Predicting Long-Term Citations from Short-Term Linguistic Influence
This provides a more content-based measure of influence for researchers and bibliometricians, though it is incremental as it builds on existing citation prediction methods.
The paper tackled the problem of predicting long-term citations by quantifying linguistic influence in research papers, showing that linguistic influence estimated from the first two years after publication is correlated with and predictive of citation counts in the next three years.
A standard measure of the influence of a research paper is the number of times it is cited. However, papers may be cited for many reasons, and citation count offers limited information about the extent to which a paper affected the content of subsequent publications. We therefore propose a novel method to quantify linguistic influence in timestamped document collections.

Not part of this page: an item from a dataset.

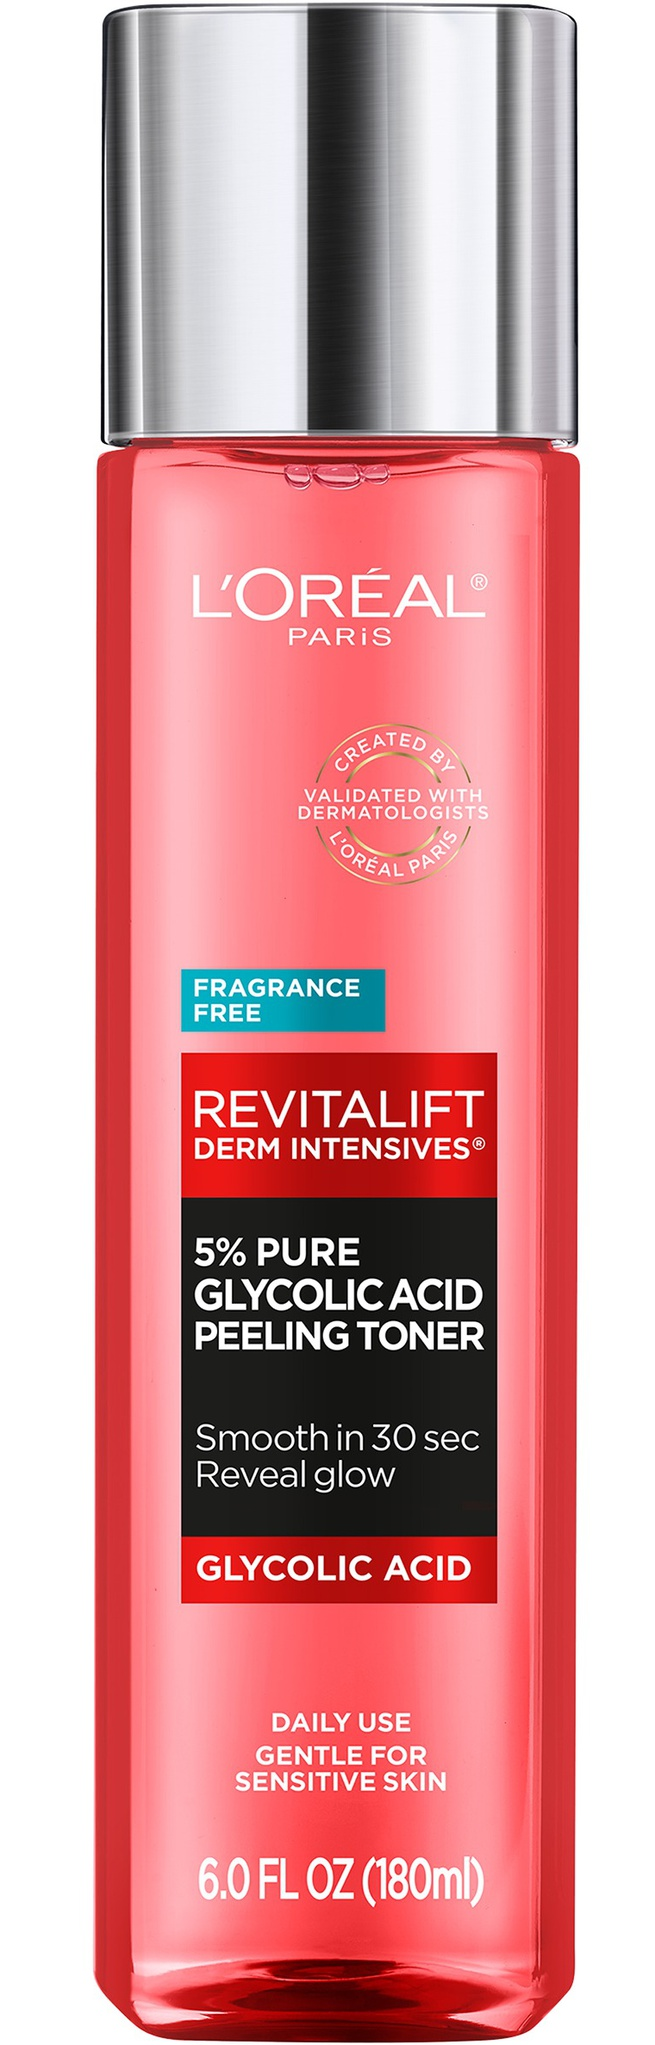 L'Oreal Paris Derm Intensives Revitalift 5% Pure Glycolic Acid Peeling Toner

There are two main steps: first, identify lexical and semantic changes using contextual embeddings and word frequencies; second, aggregate information about these changes into per-document influence scores by estimating a high-dimensional Hawkes process with a low-rank parameter matrix. We show that this measure of linguistic influence is predictive of $\textit{future}$ citations: the estimate of linguistic influence from the two years after a paper's publication is correlated with and predictive of its citation count in the following three years. This is demonstrated using an online evaluation with incremental temporal training/test splits, in comparison with a strong baseline that includes predictors for initial citation counts, topics, and lexical features.